Kedua, perilaku para pejabat negara Indonesia Raya masih mencerminkan tingginya ego pribadi dan kelompok. Cermin paling buruk tampak dari dunia Yudikatif yang merefleksikan borok busuk yang bau dengan beberapa dinamika centil yang seolah-olah merupakan upaya tegas membangun independensi hukum. Cermin berikutnya yang sudah semakin membaik adalah dunia legislatif, meski masih jauh dari harapan perbaikan demi perbaikan menjanjikan terciptanya dunia politik yang santun dan perjuangan kelompok yang tidak merugikan kepentingan umum rakyat Indonesia. Di kalangan eksekutif baik di pusat maupun daerah relatif masih sarat dengan kepentingan sesaat. Walaupun hal itu dianggap sebagai resiko demokrasi, namun rakyat harus sadar dan memiliki sikap dalam memilih pemimpin di masa mendatang, yaitu pemimpin yang berani dan sungguh-sungguh berjuang untuk kemajuan bersama seluruh bangsa Indonesia untuk tingkat nasional, dan untuk kemajuan daerah di tingkat lokal. Kelakuan para elit seringkali justru menjadi penghambat pembangunan nasional karena ada benturan kepentingan di antara mereka.

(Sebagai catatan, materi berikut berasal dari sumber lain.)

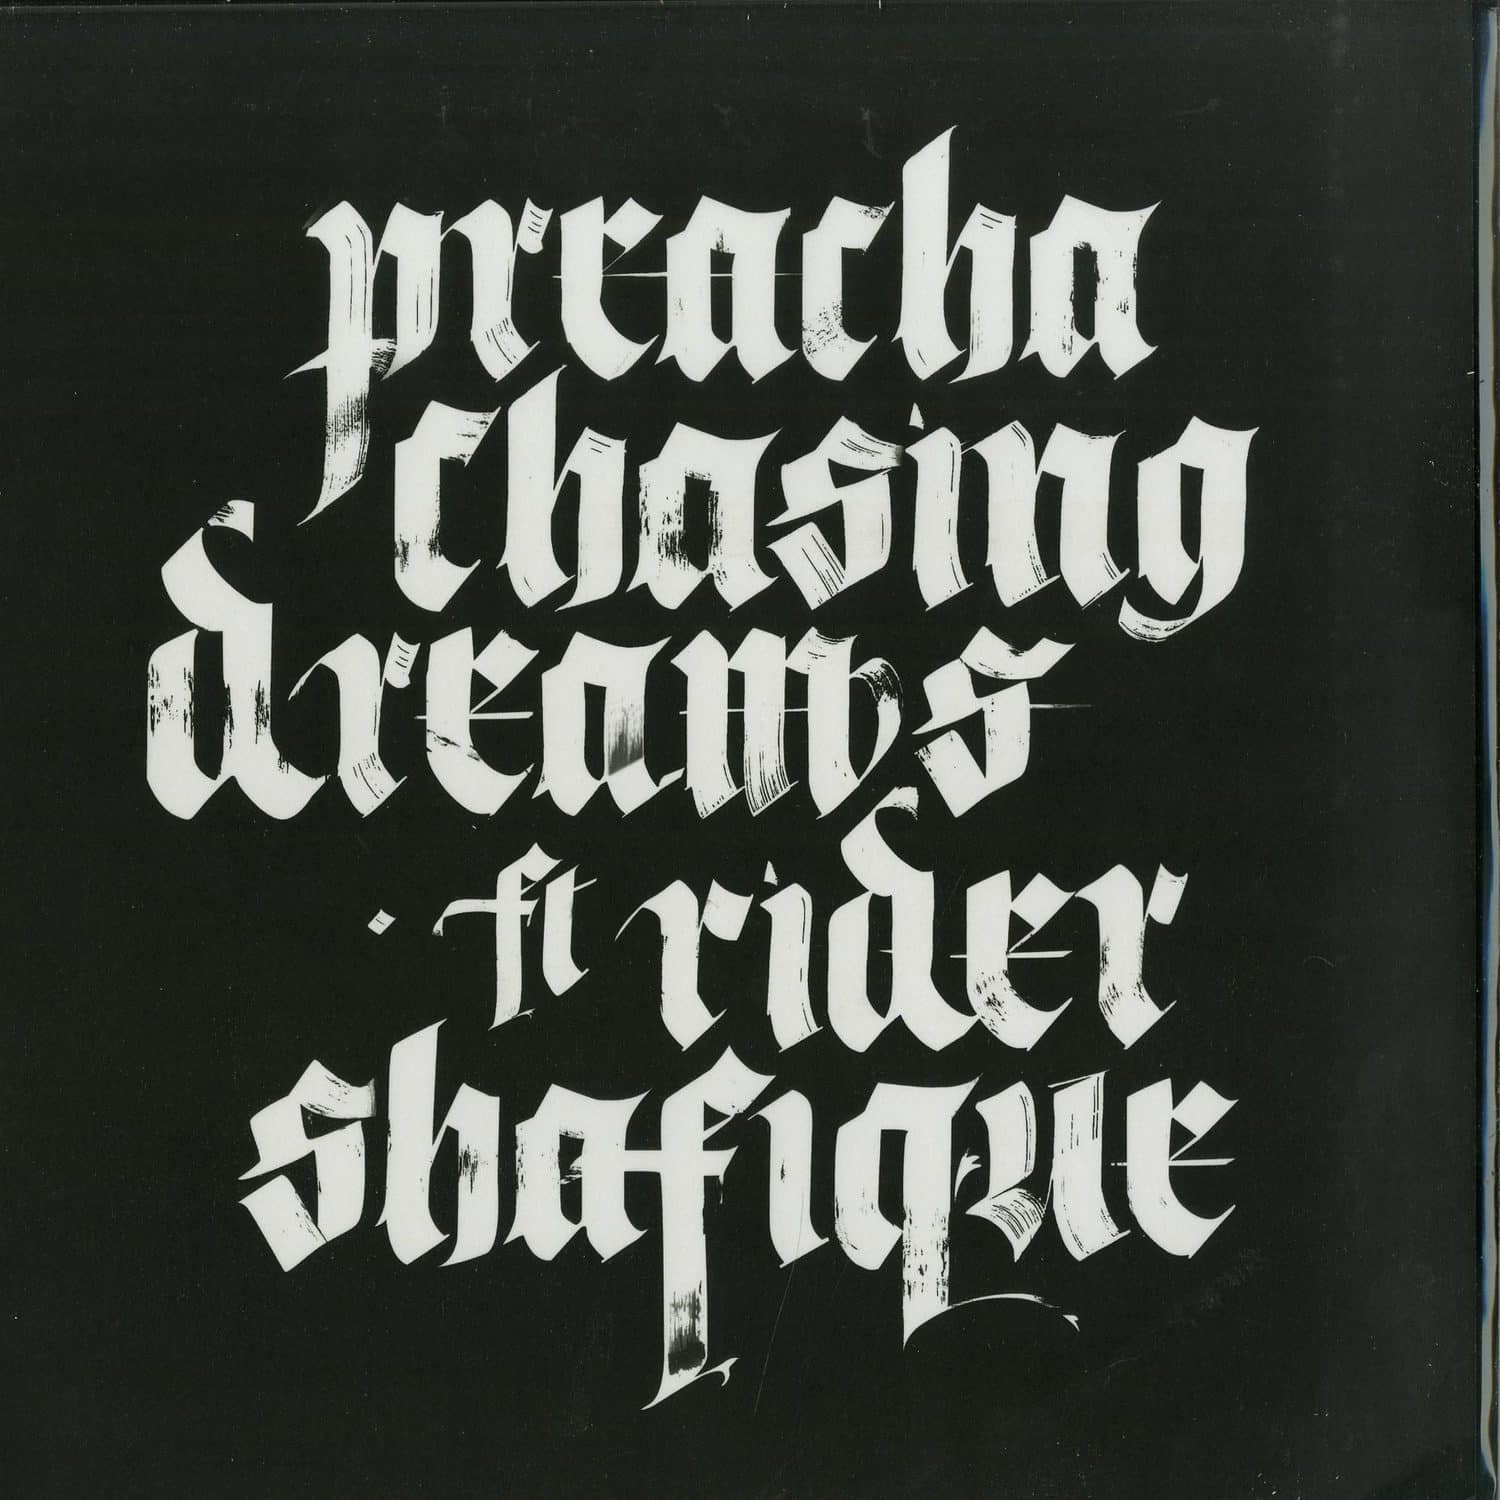 Preacha - CHASING DREAMS FT. RIDER SHAFIQUE

Ketiga, merosotnya profesionalisme aparatur negara tercermin dari persoalan-persoalan yang dimulai dari awal pendidikan, seperti sekolah kedinasan, sampai pada pembinaan dan karir yang perlu terus diperbaiki. Lebih jauh lagi juga menyentuh masalah sistem penggajian dan pensiun.

Keempat, masalah korupsi masih menjadi penyakit terbesar di negeri Indonesia Raya yang harus segera diatasi secara menyeluruh dan terus Keempat, masalah korupsi masih menjadi penyakit terbesar di negeri Indonesia Raya yang harus segera diatasi secara menyeluruh dan terus

Beberapa catatan di atas dalam tataran yang wajar merupakan hal yang biasa di negara manapun. Tetapi mengapa kita tidak merasakan adanya derap langkah kompak dalam kerangka Indonesia Raya membangun bangsa dan negara Indonesia?

Biarpun sudah klise dan membosankan tidak ada salahnya bila kita mengingatkan diri kita sendiri tentang masa depan bangsa Indonesia membangun Indonesia Raya.